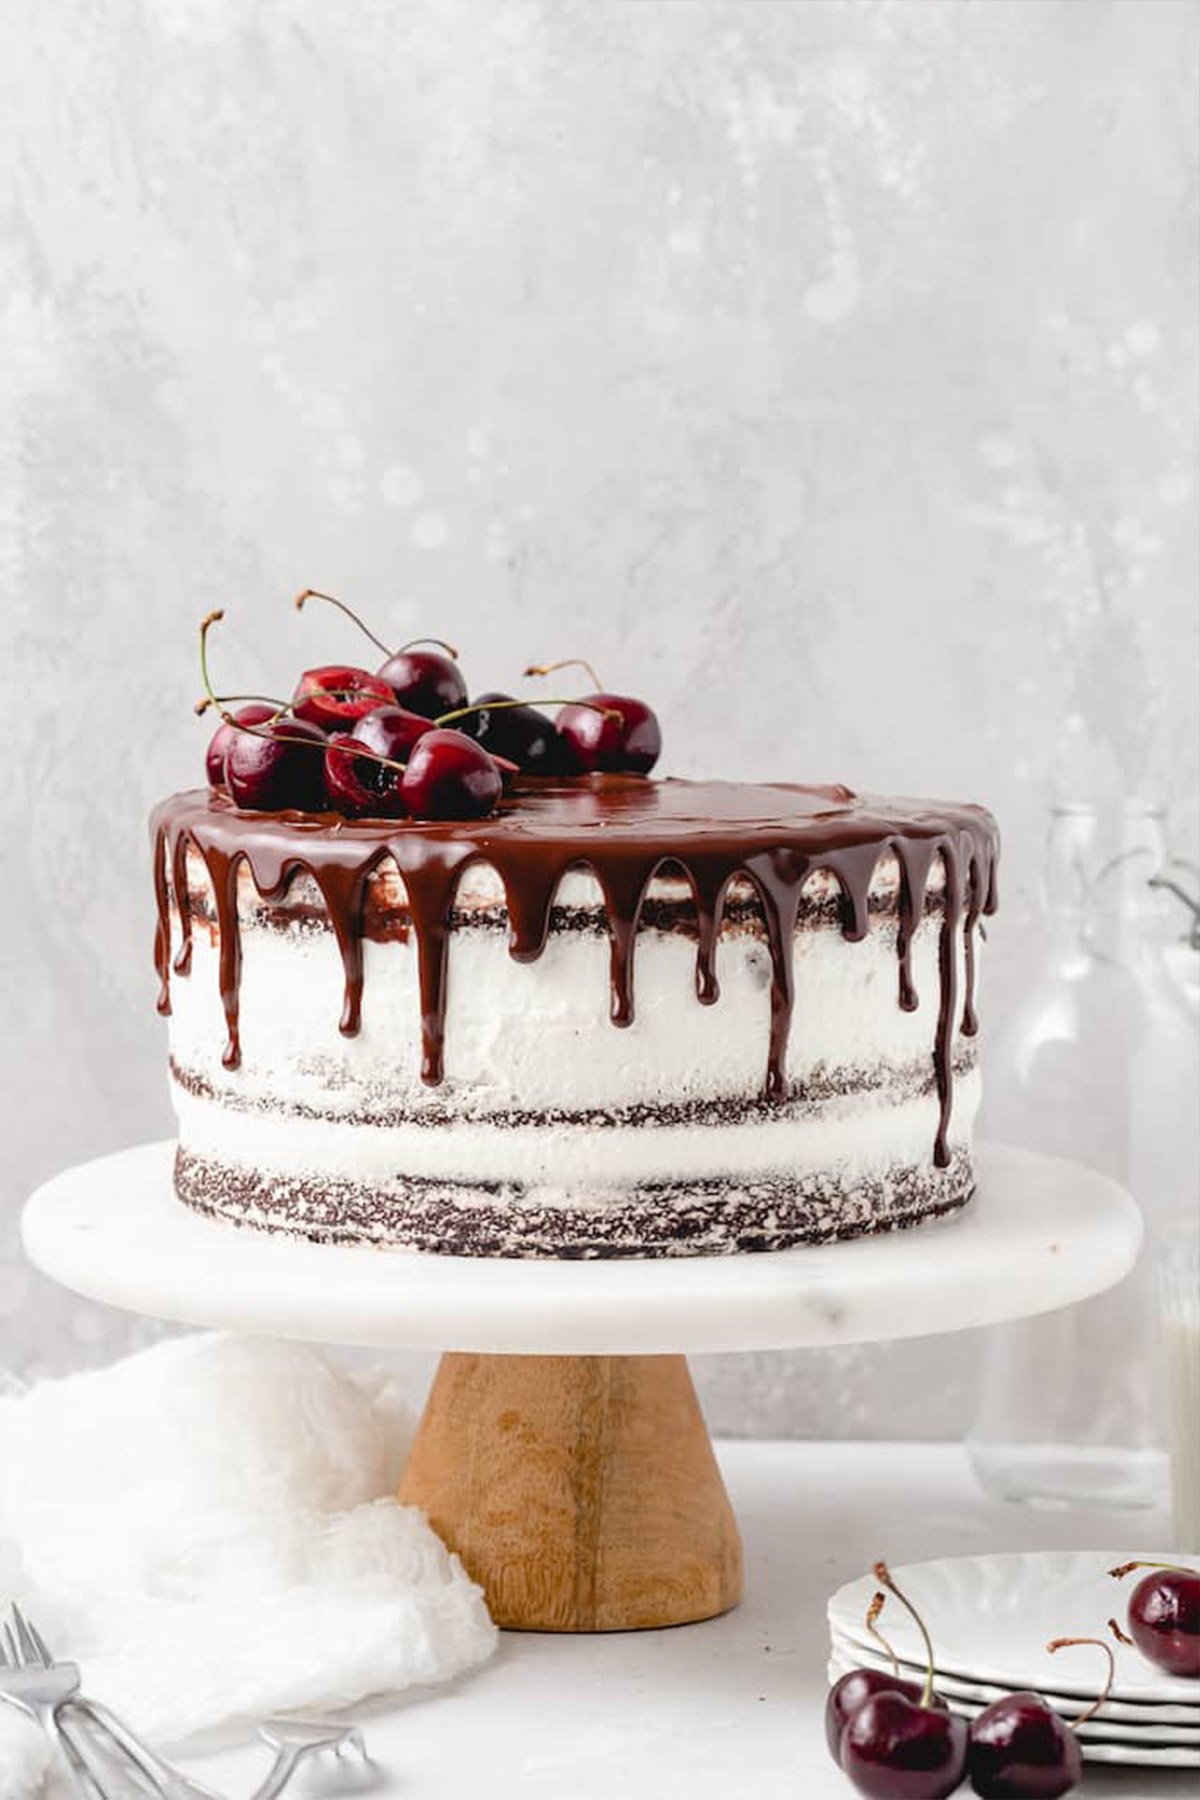 A black forest cake on a white cake stand with cherries on top against gray background.
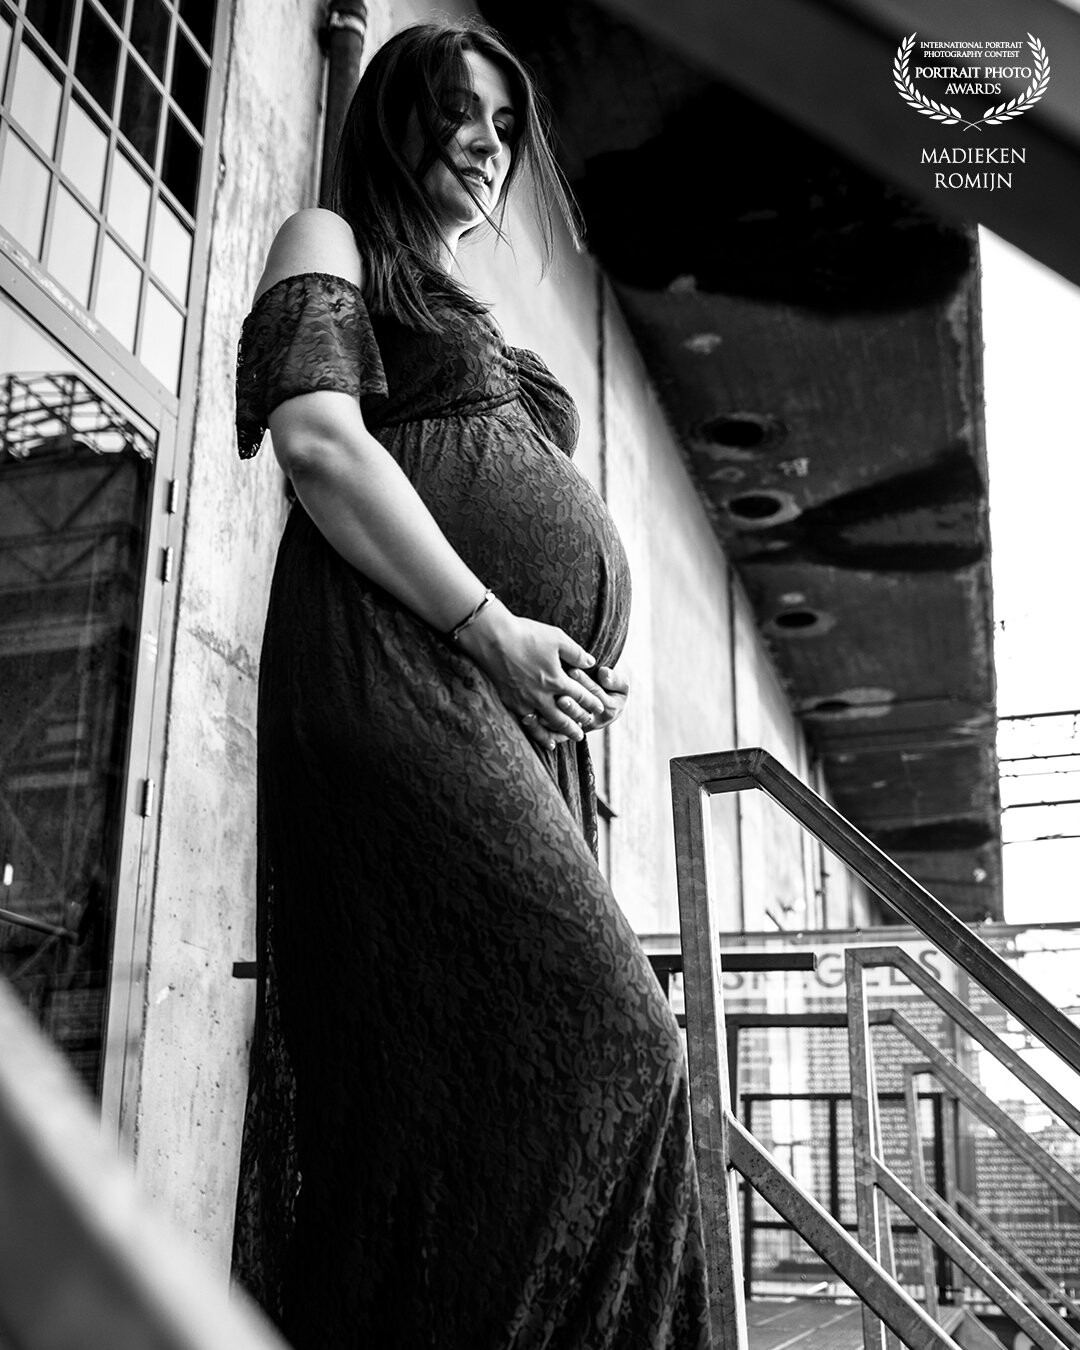 In this pregnancyshoot I wanted to find a industrial location with a romantical twist for the dress. The low angle and the lines in the picture Made this one of my favorites. And she was so sweet as well!
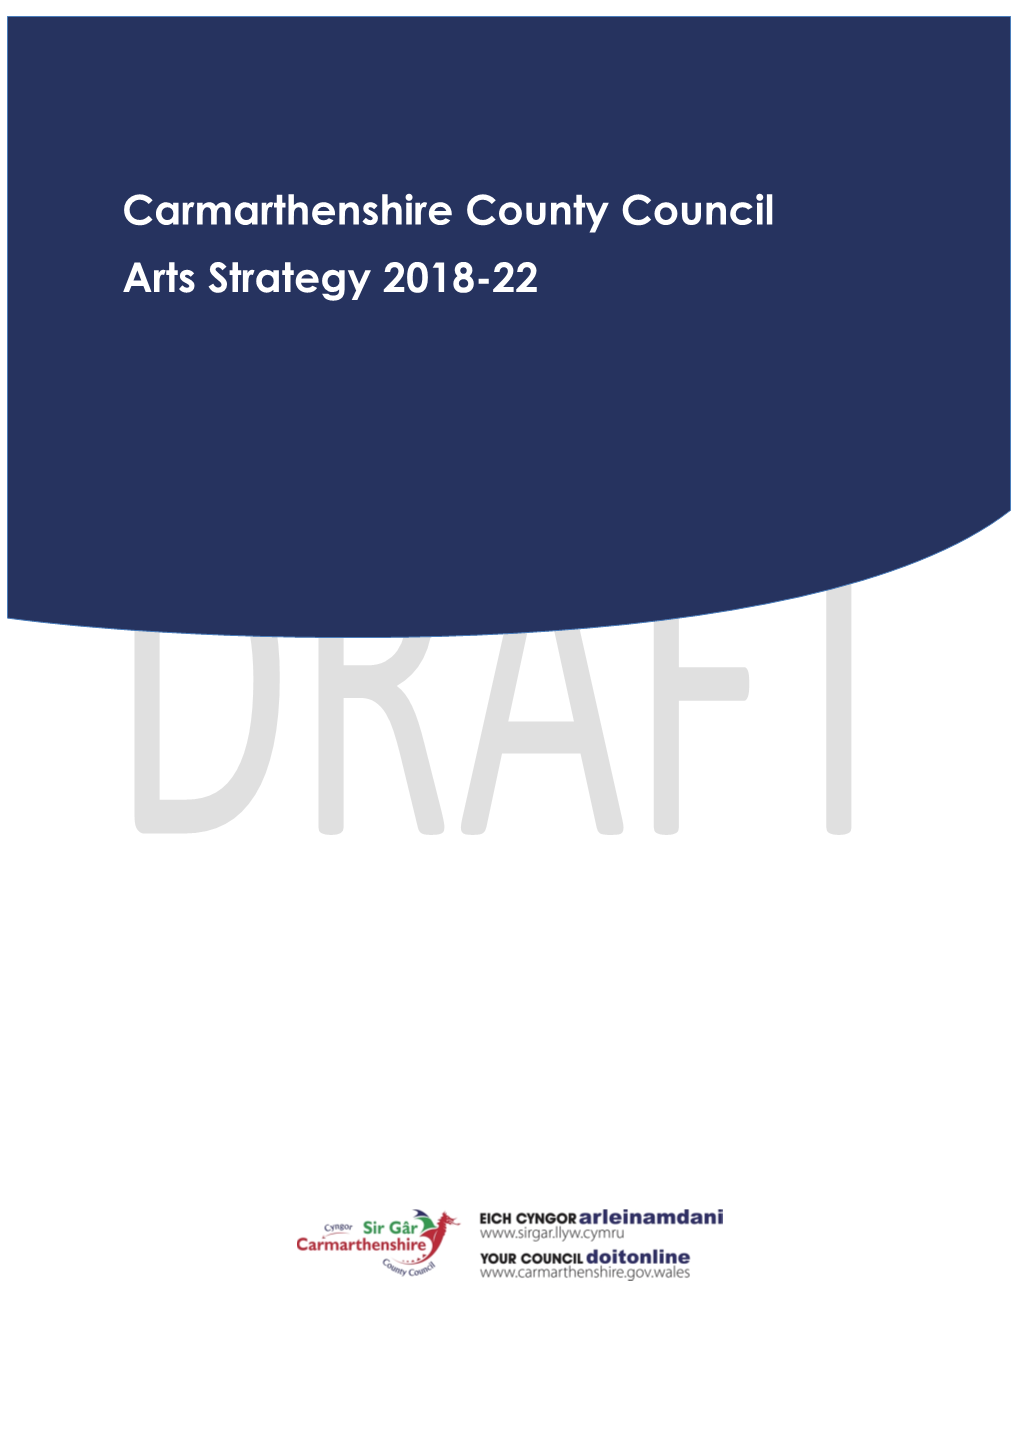 Carmarthenshire County Council Arts Strategy 2018-22 Contents

** Activity **
Send back the data above verbatim, leaving out its pictures.

** Solution for this problem **
 A black forest cake on a white cake stand with cherries on top against gray background.
 In this pregnancyshoot I wanted to find a industrial location with a romantical twist for the dress. The low angle and the lines in the picture Made this one of my favorites. And she was so sweet as well!
 Carmarthenshire County Council Arts Strategy 2018-22 Contents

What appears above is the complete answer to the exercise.